Tuesday, October 18, 2011

Ethel Grandin: Pioneer Actress




Winsome and diminutive, Ethel Grandin was among the first and most popular of the early screen stars. Born in New York City on March 3, 1894, Ethel had gone on stage in 1900, and appeared with Joseph Jefferson in “Rip Van Winkle.” In 1910, with her mother, Ethel went down to the American Biograph studio and was interviewed by D.W. Griffith. When the director pulled up Ethel’s dress and inspected her legs, she began to pout and sulk. Griffith explained to Ethel that he wanted to make sure she did not have bowlegs. Griffith’s behavior outraged Ethel so much that she refused to return to the studio the next day. Instead, Ethel and her mother went to Carl Laemmle’s IMP Company and was seen by Thomas H. Ince. Mary Pickford was about to leave the company, and Ince saw something of a similarity between Ethel and Mary, although she lacked the latter’s personality.
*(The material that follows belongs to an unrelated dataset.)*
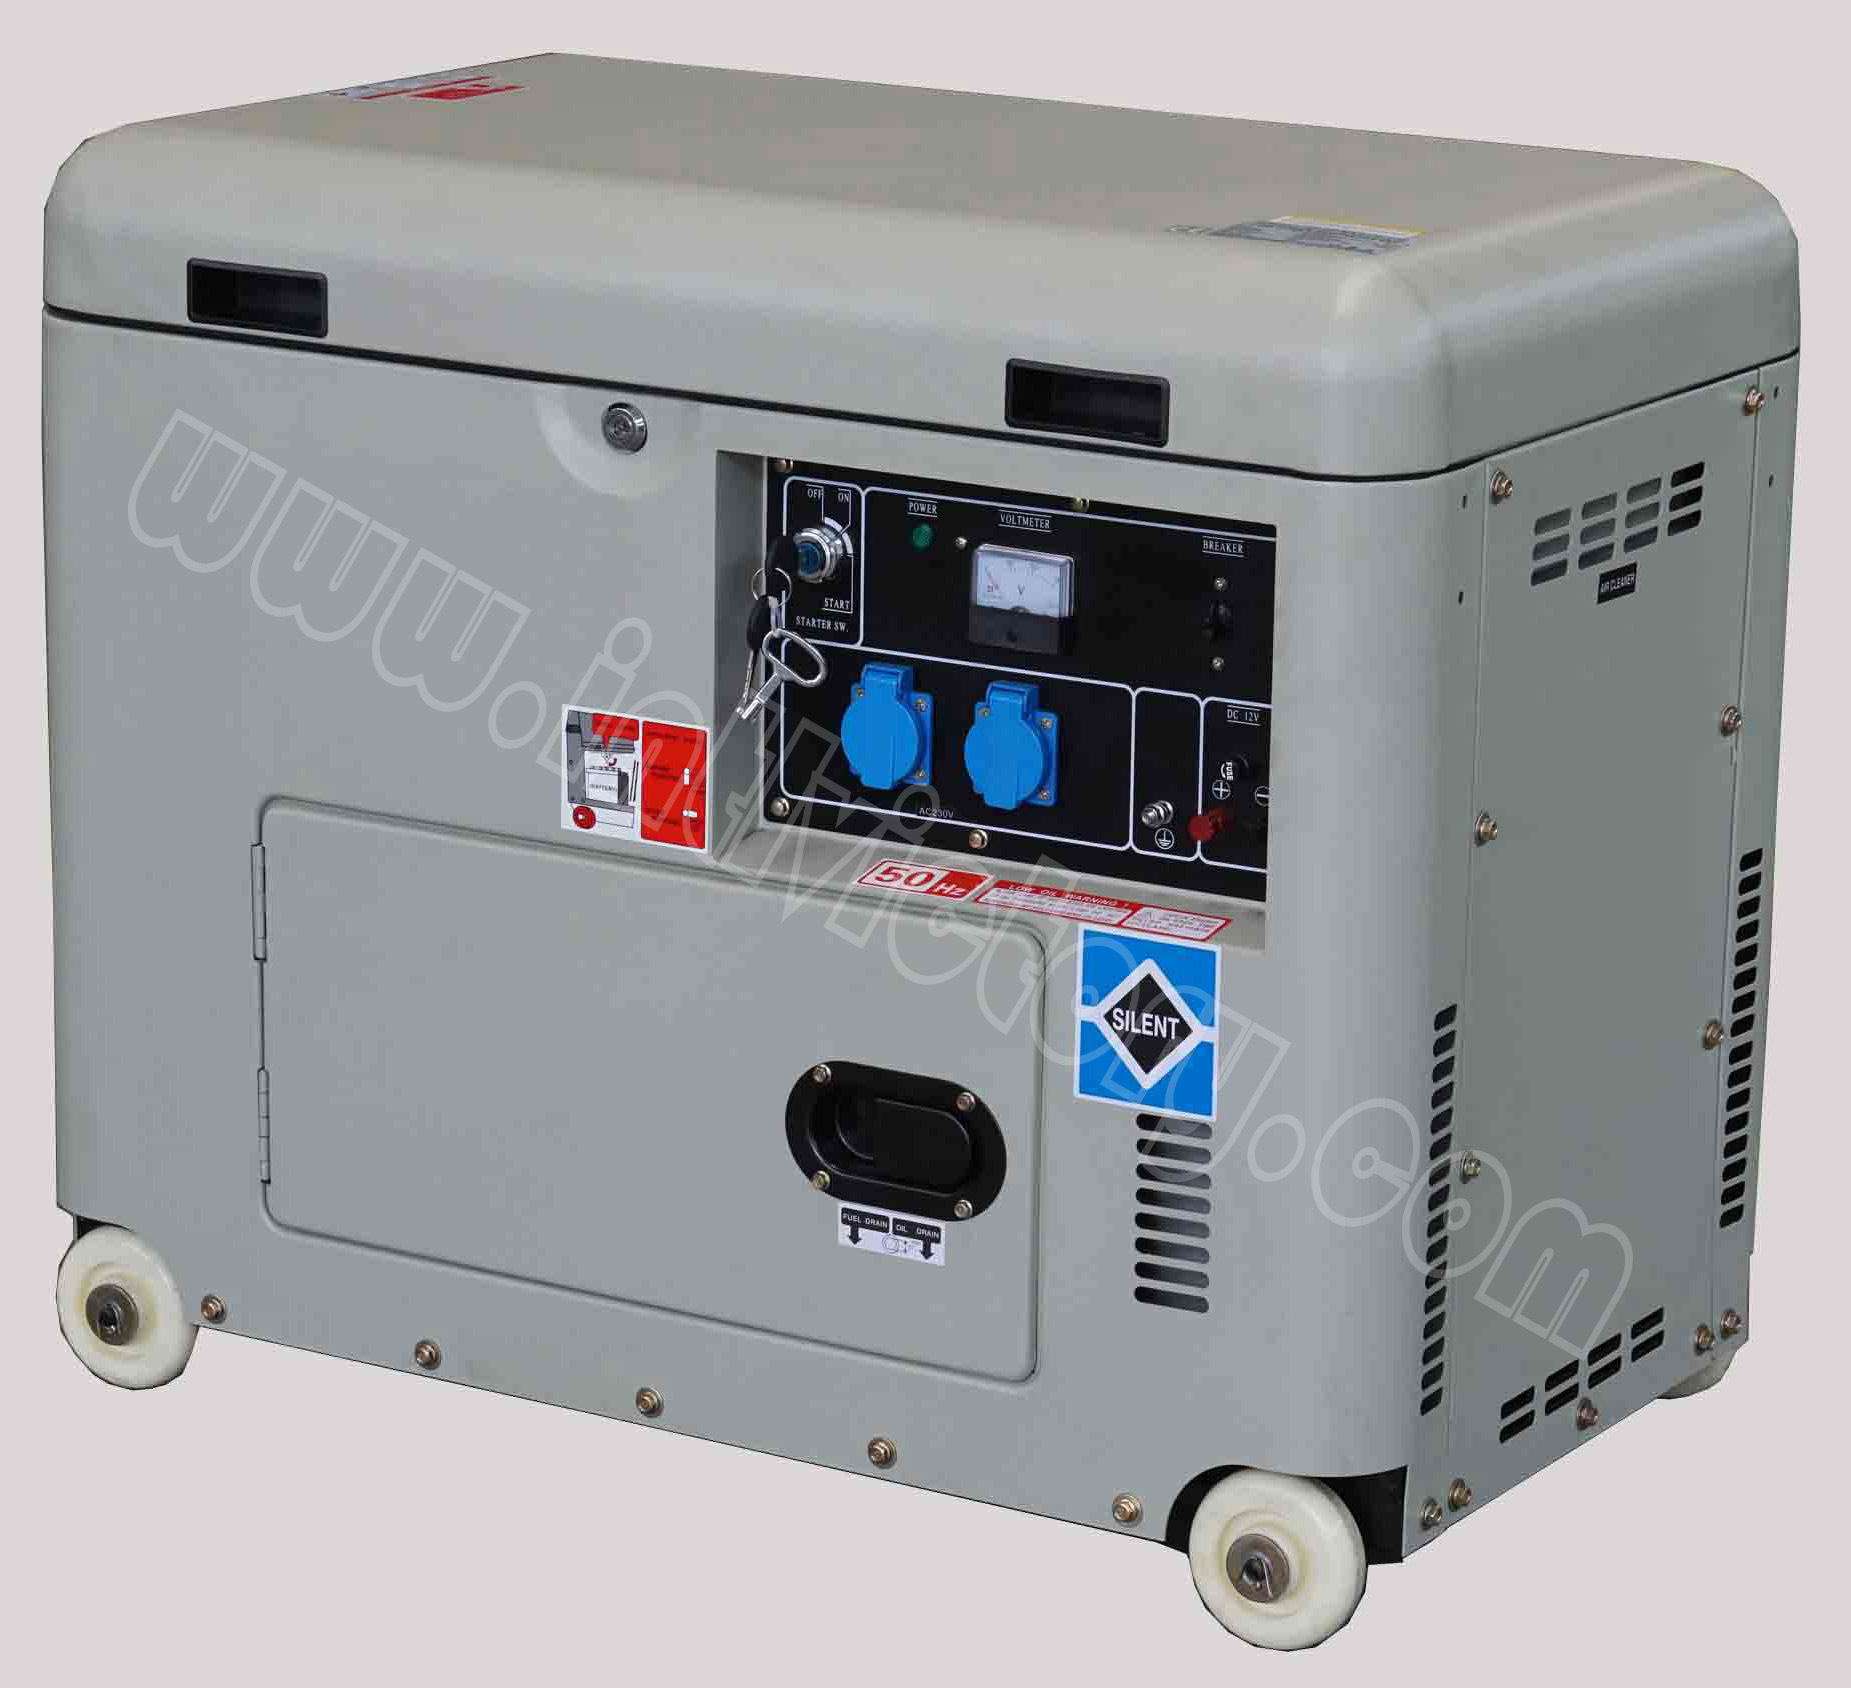 4kVA~6kVA Diesel Soundproof Genset with CE/Soncap/Ciq Certificate

Coincidentally, Ethel played Mary’s sister in IMP’s “The Toss of the Coin” (1911).





When Ince decided to enter independent production with the New York Motion Picture Company, he invited Ethel to come to California with him as his leading lady. Also in the group was cinematographer Ray Smallwood, who would later become a director and whom Ethel married in 1912. In 1913, Carl Laemmle asked Ethel to return to his company, along with her husband Ray Smallwood. Ethel was the company’s leading star, billed as “The Imp of the Imp Company.” For Laemmle, Ethel starred in both Western and comedy shorts, and she played the title role in IMP’s two-reel adaptation of “Jane Eyre” (1914).

Ethel also starred with Matt Moore and Jane Gail in George Loane Tucker’s production of “Traffic in Souls” (1913), a melodrama of white slavery, produced in secrecy without Laemmle’s approval. The total budget of the film was less than $6,000, raised by Tucker, director Herbert Brenon and others. Aside from the white slavery theme and what that implies, there is nothing sexual in the film.

“Traffic in Souls” (1913) is important as one of America’s first feature-length productions and for its semi-documentary quality with exteriors on the streets of New York City and for an innovative panoramic shot. In 1914, Ethel and Smallwood left Laemmle and formed their own production company, the Smallwood Film Corporation, operating out of a rental studio at Central Park West and Amsterdam Avenue in New York City. The company was relatively short-lived, and in 1915, Ethel retired from the screen in order to take care of her infant son. When Smallwood was hired by Metro to head its camera department, Ethel came with him back to Los Angeles. Smallwood turned to direction in the early 1920’s, and Ethel returned briefly to the screen with “Garments of Truth” (1921), “The Hunch” (1921), and “A Tailor-Made Man” (1922).

As the years progressed, Ethel lost the ability to speak. It was as if she had literally regressed to being once again a silent star. Ethel died on September 27, 1988. She was 94 years old. Even though Ethel Grandin is largely forgotten today, her most notable film, “Traffic in Souls” (1913) is available on dvd and it’s worth a look.